Write out all the data verbatim. Skip images.

--- SOURCE DATA ---

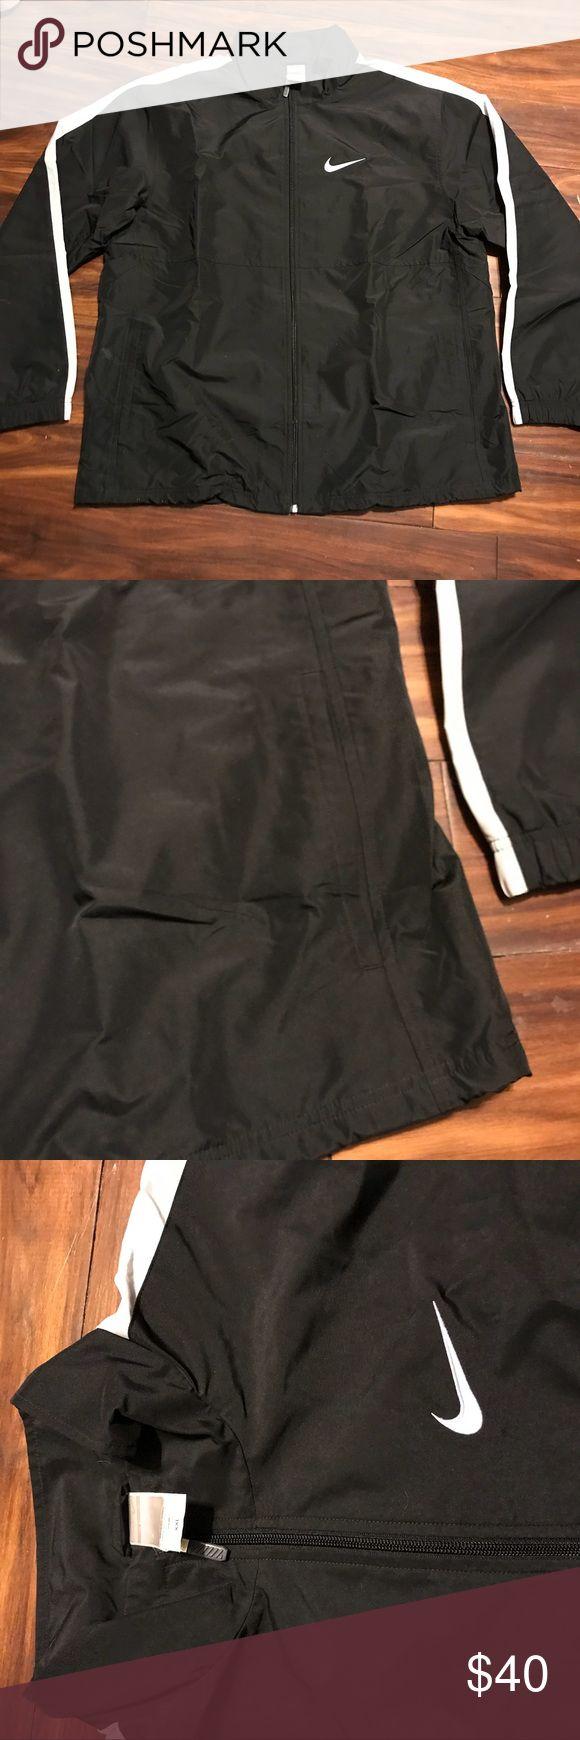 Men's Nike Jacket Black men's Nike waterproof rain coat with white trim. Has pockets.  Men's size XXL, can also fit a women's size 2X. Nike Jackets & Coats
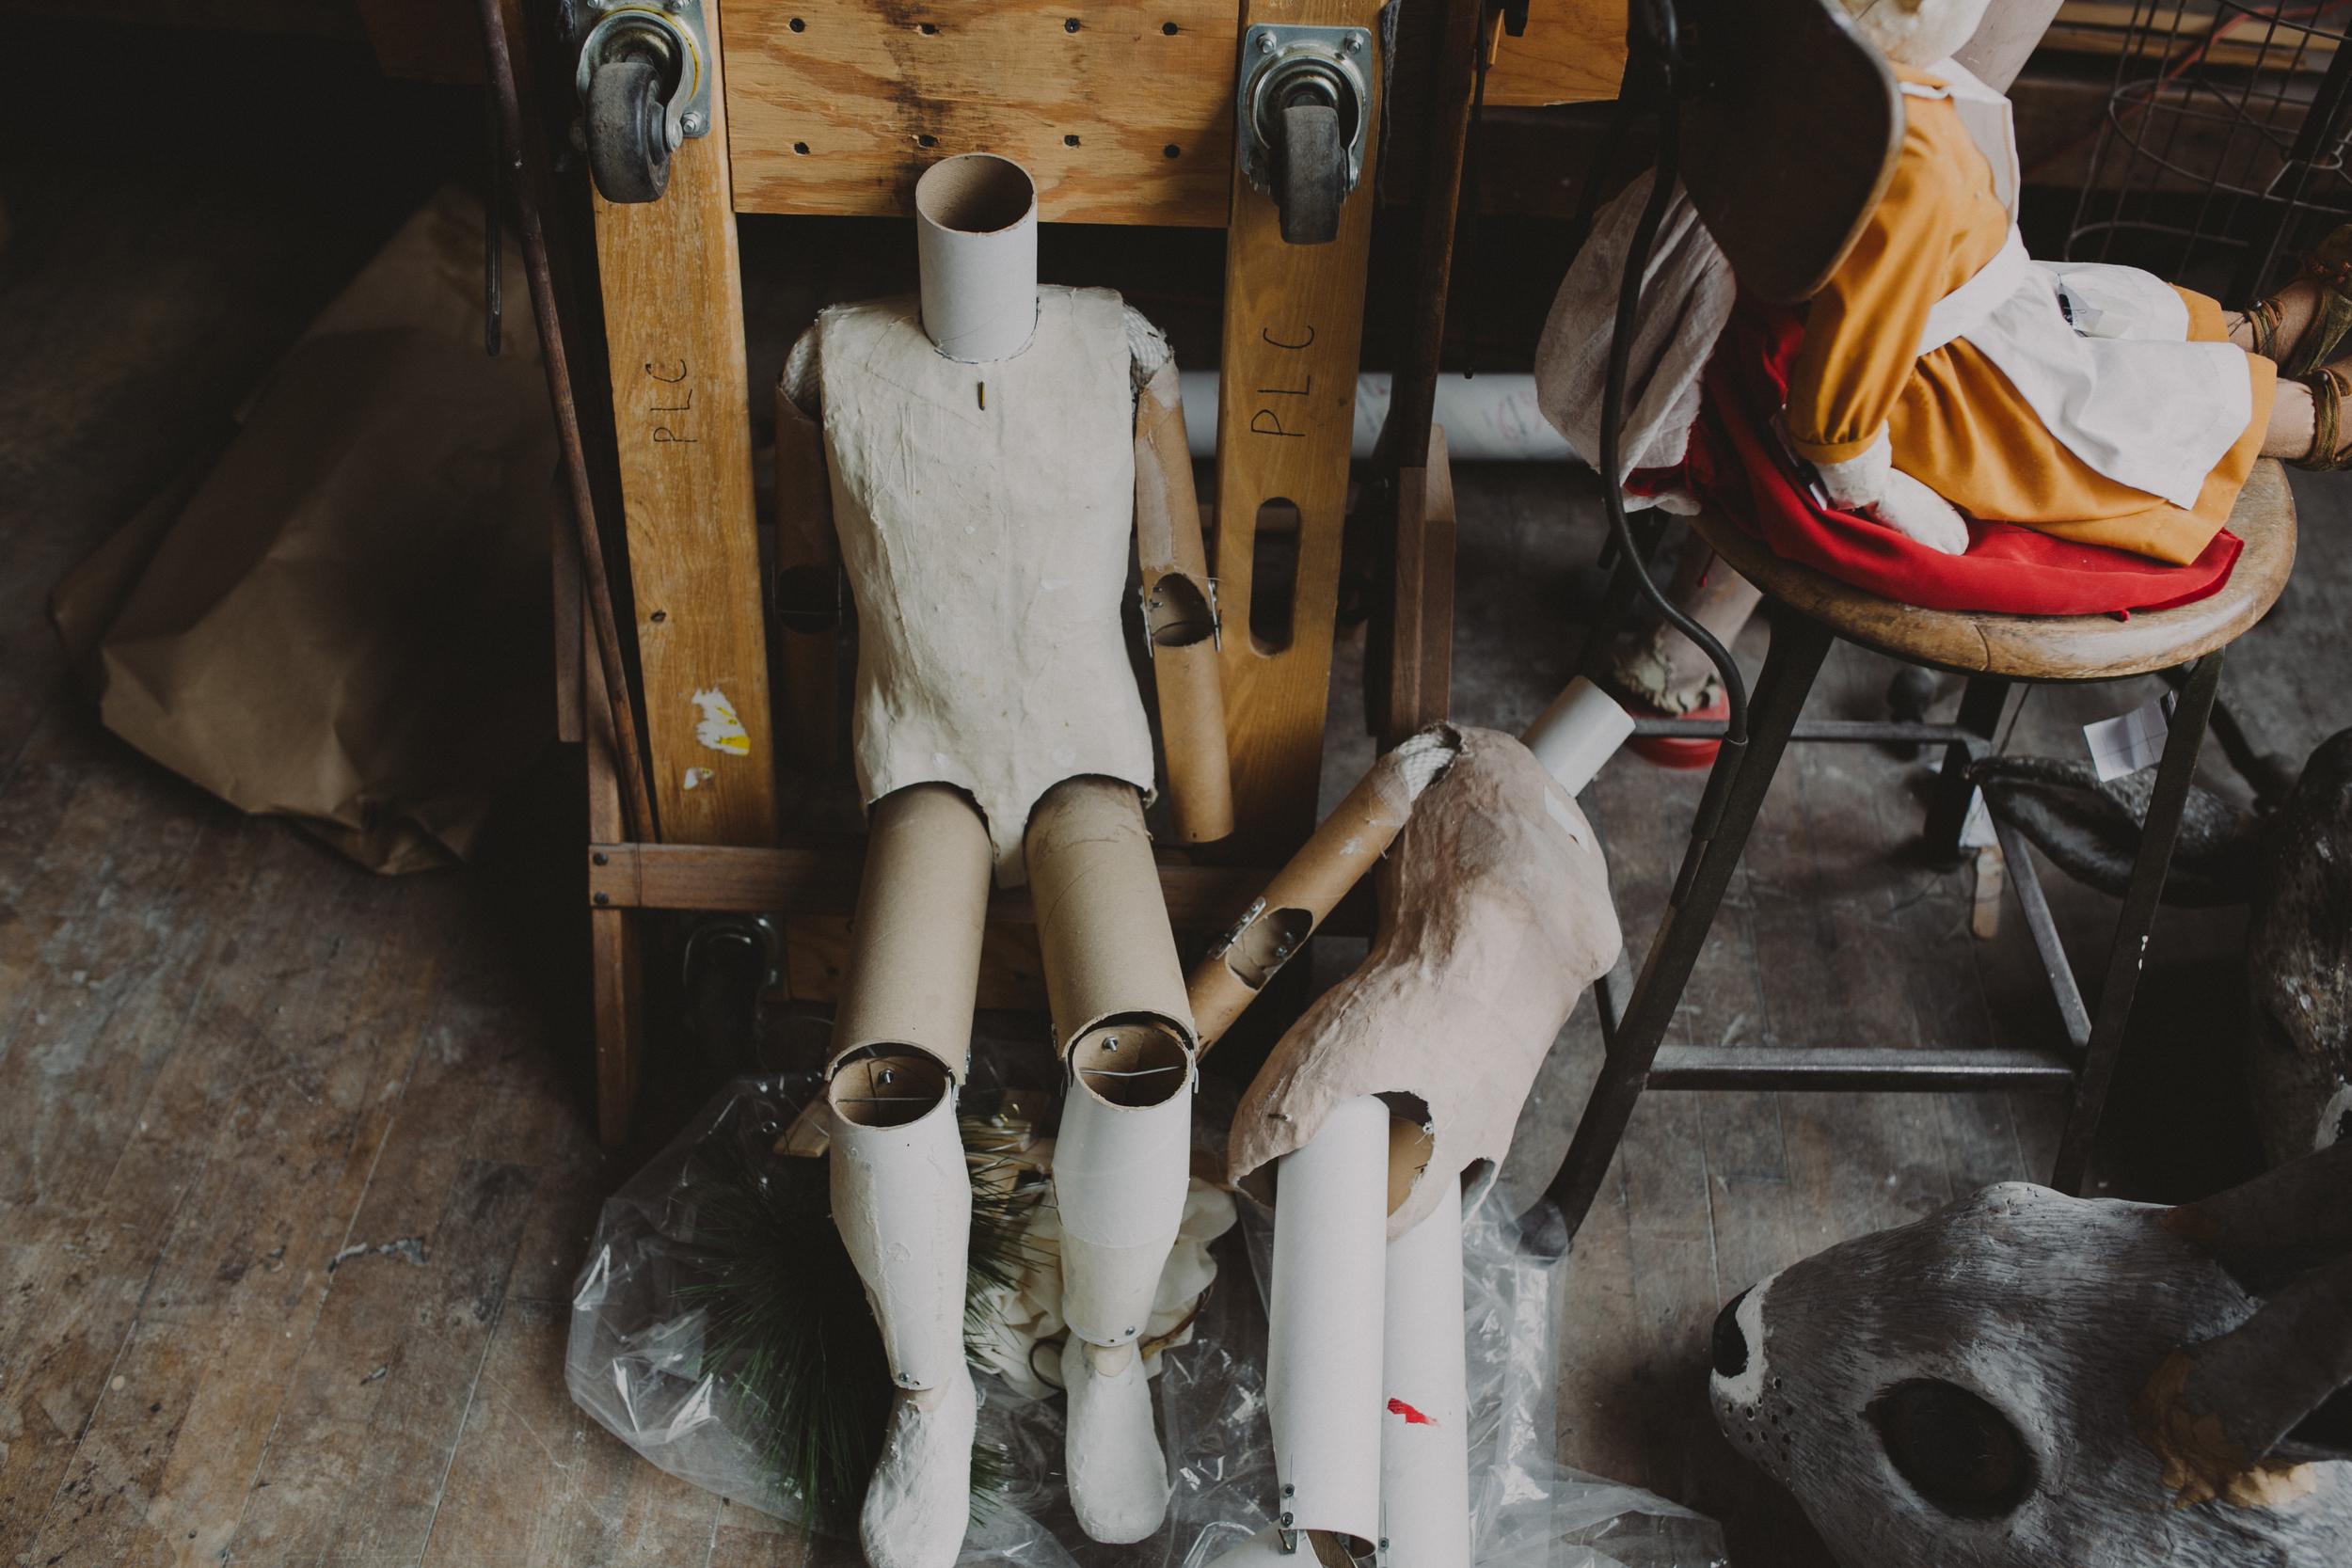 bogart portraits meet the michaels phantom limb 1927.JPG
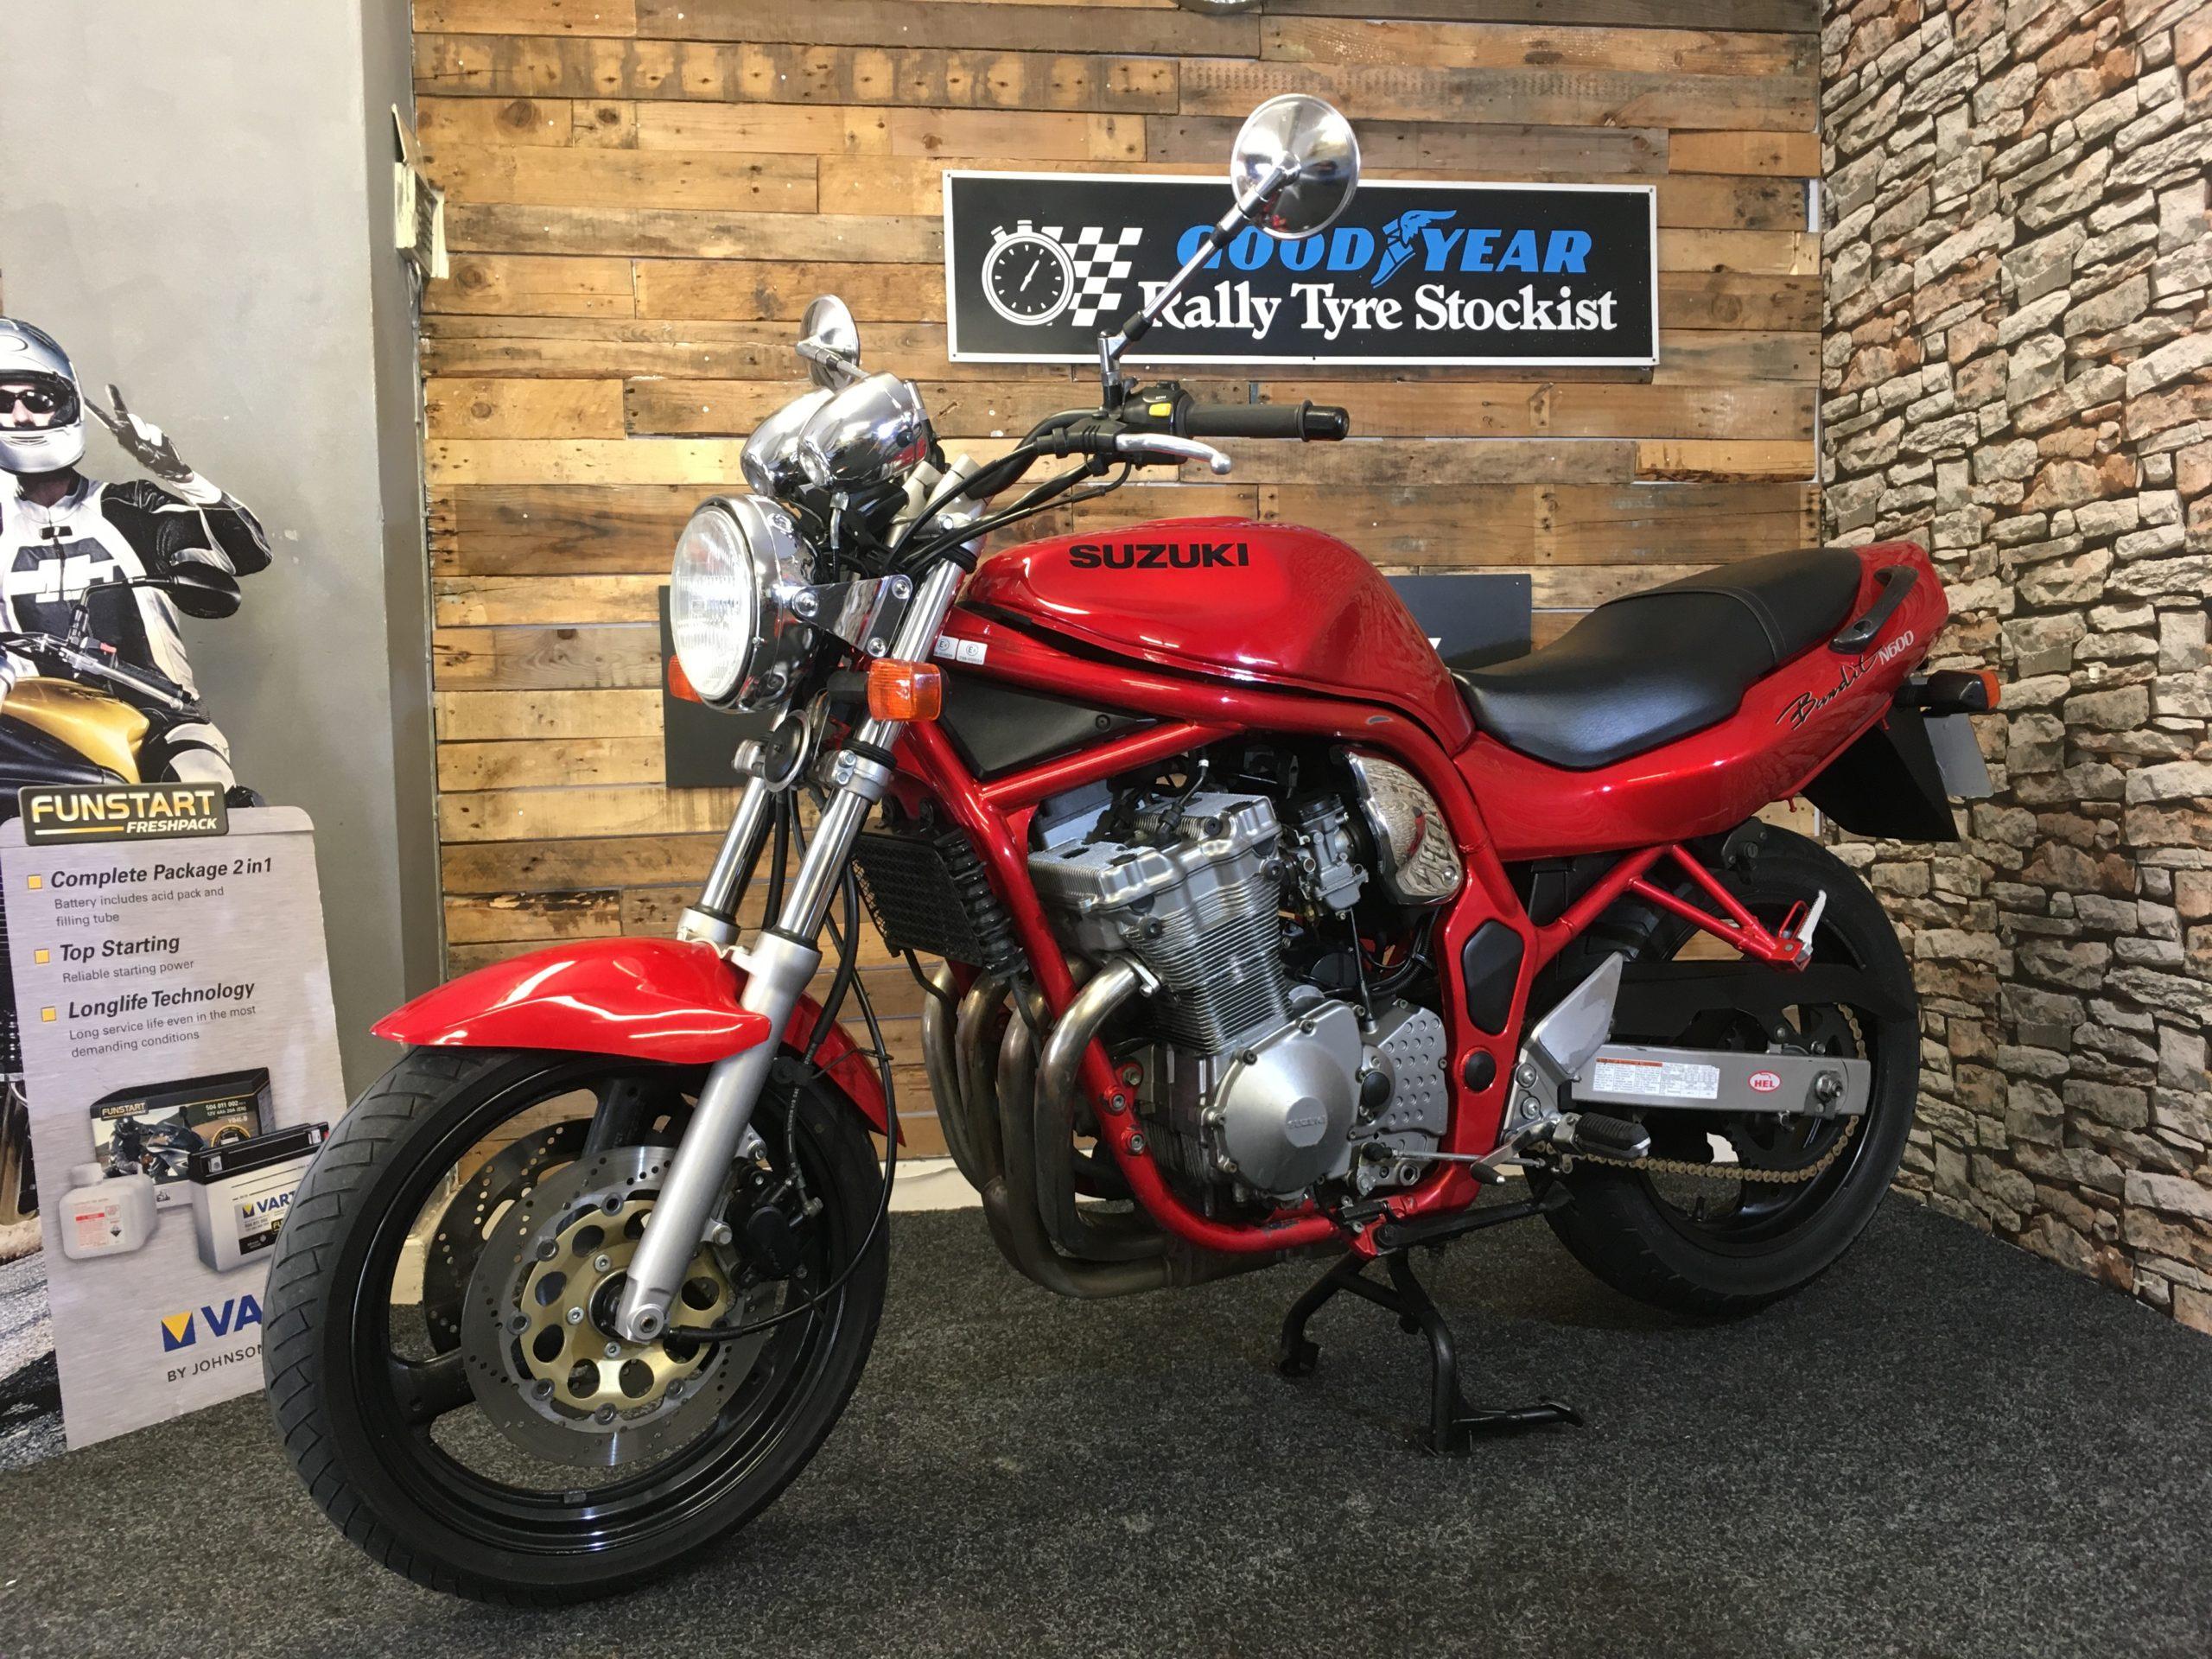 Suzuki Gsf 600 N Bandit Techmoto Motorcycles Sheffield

---

◆ **SOLUTION TO THIS EXERCISE**
 Men's Nike Jacket Black men's Nike waterproof rain coat with white trim. Has pockets.  Men's size XXL, can also fit a women's size 2X. Nike Jackets & Coats
 bogart portraits meet the michaels phantom limb 1927.JPG
 Suzuki Gsf 600 N Bandit Techmoto Motorcycles Sheffield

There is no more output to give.